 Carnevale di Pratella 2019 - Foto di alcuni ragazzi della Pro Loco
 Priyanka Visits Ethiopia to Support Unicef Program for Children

* * * *

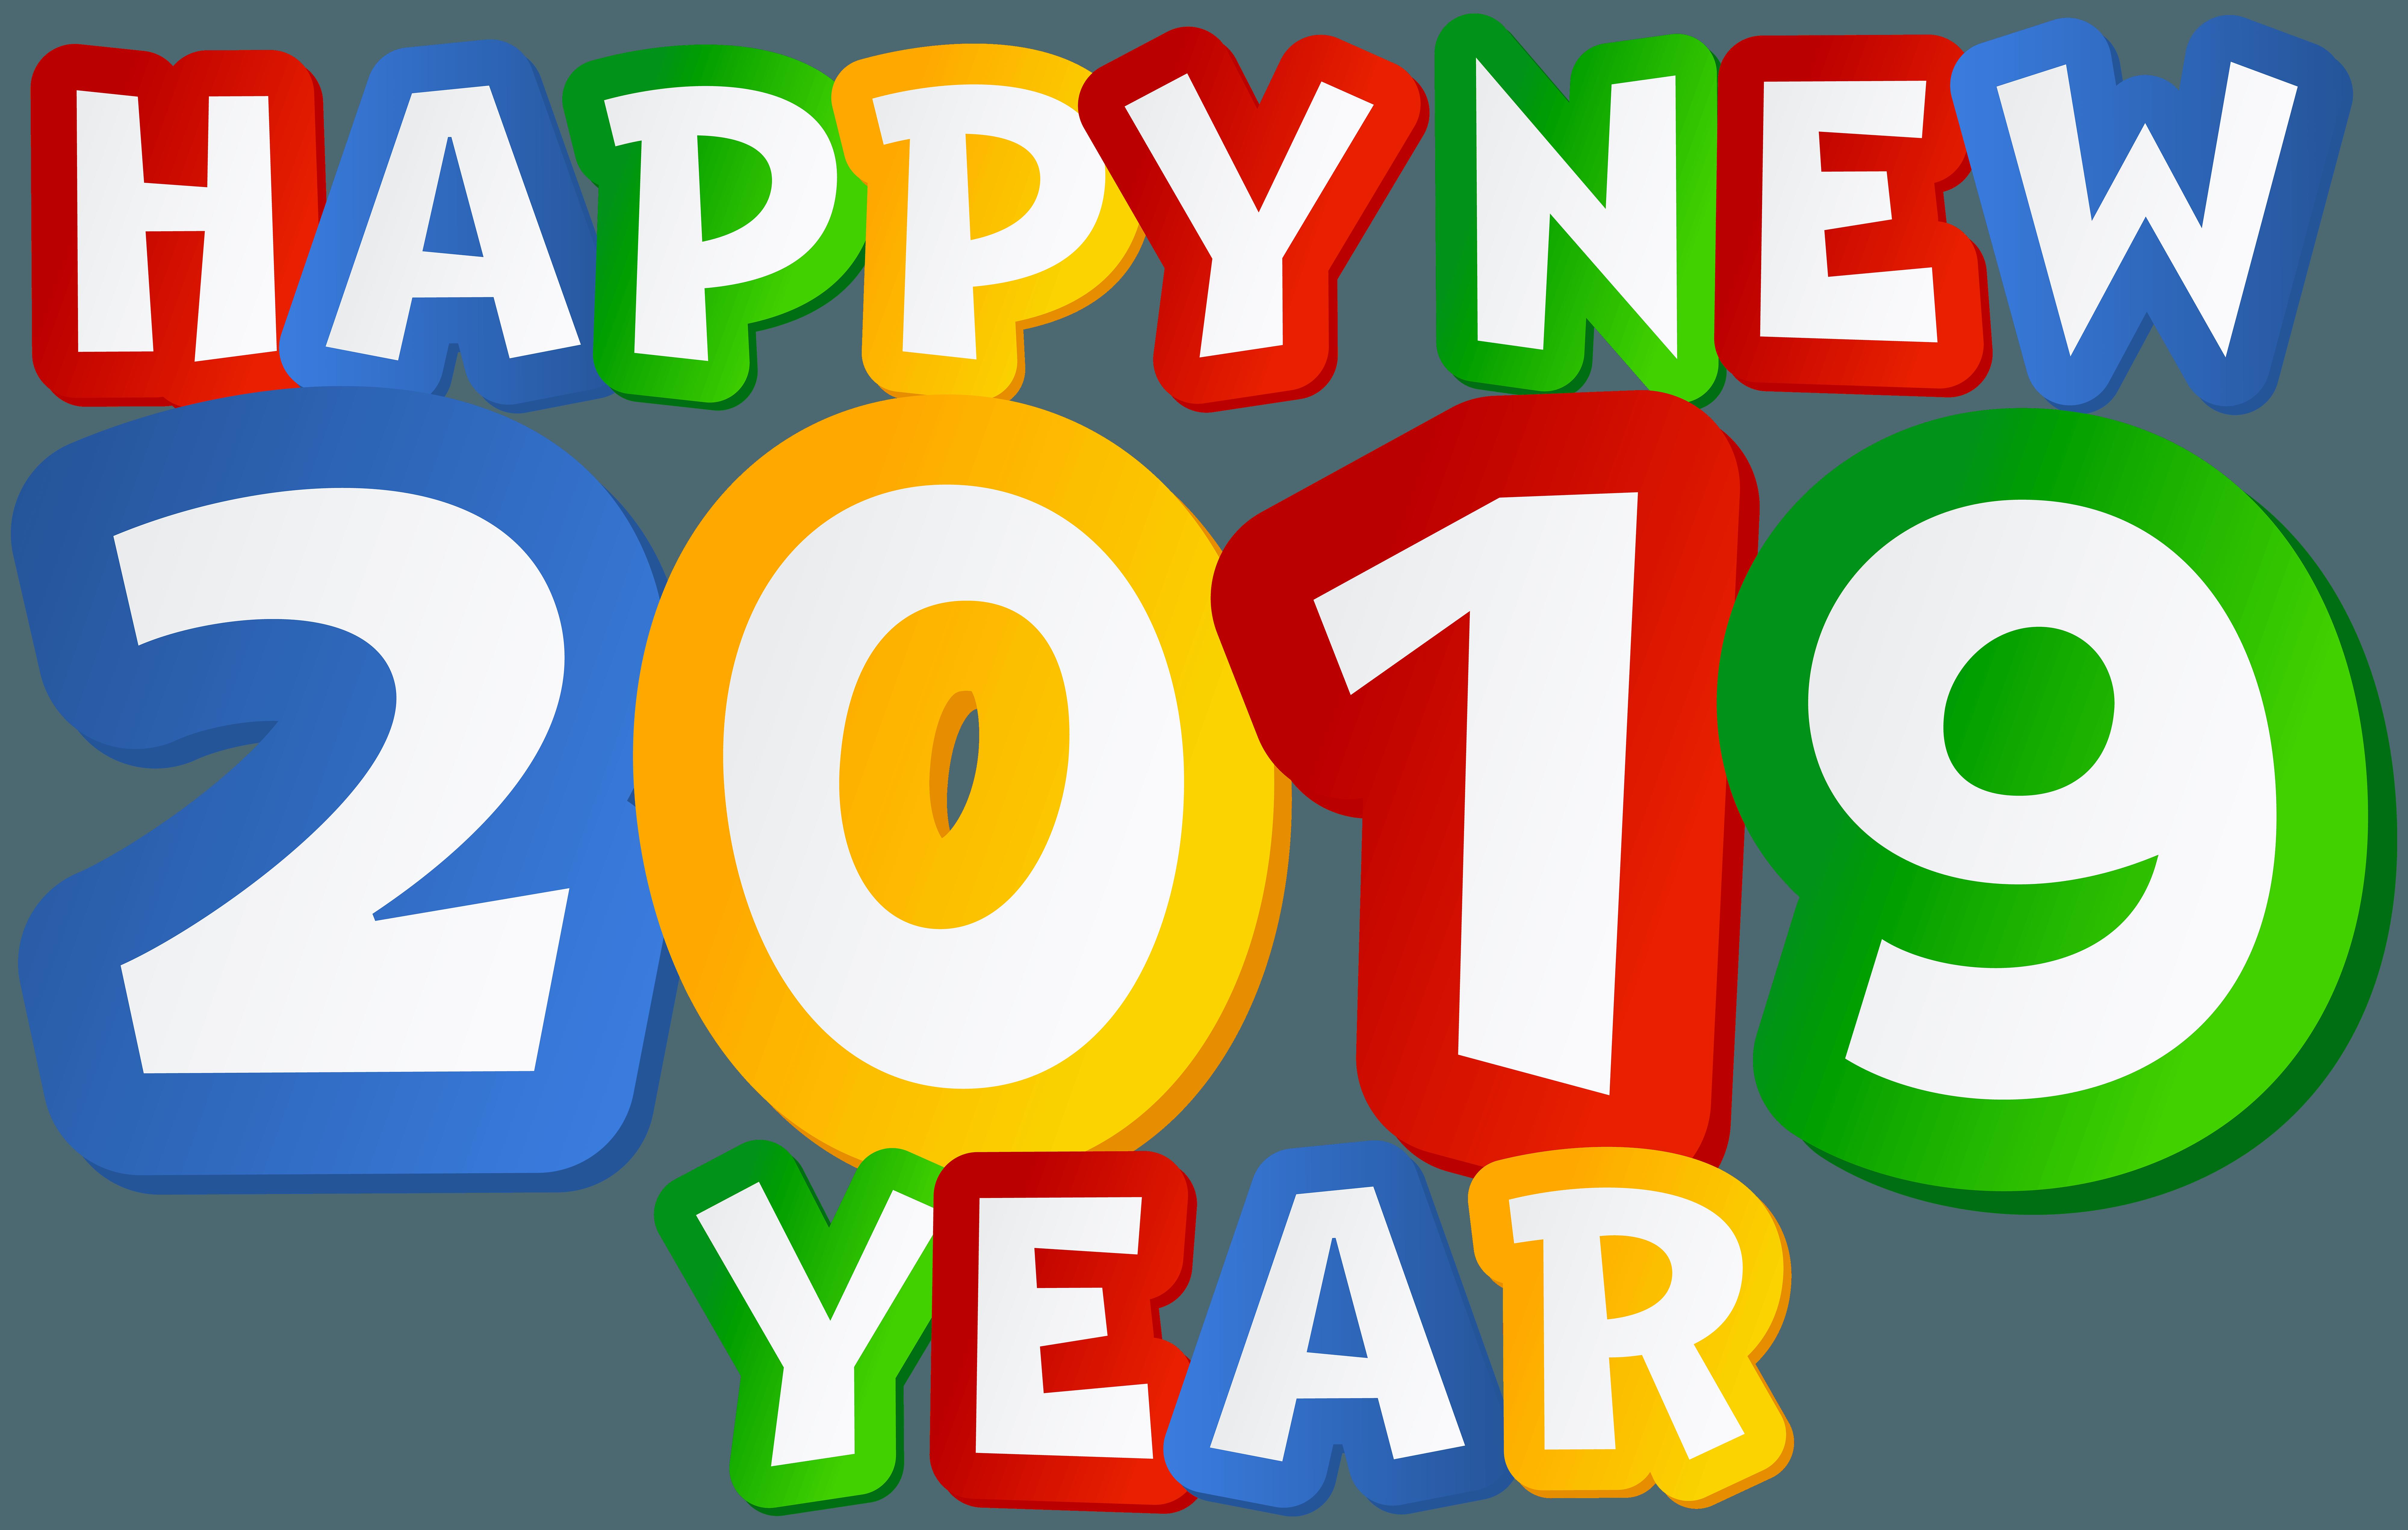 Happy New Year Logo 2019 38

* * * *

● **What you have to do**
From the records above, reproduce exactly the lines from the one with "Carnevale di Pratella" to the one with "Priyanka Visits Ethiopia", both included, and no others.

● **Answer box**
 Carnevale di Pratella 2019 - Foto di alcuni ragazzi della Pro Loco
 Priyanka Visits Ethiopia to Support Unicef Program for Children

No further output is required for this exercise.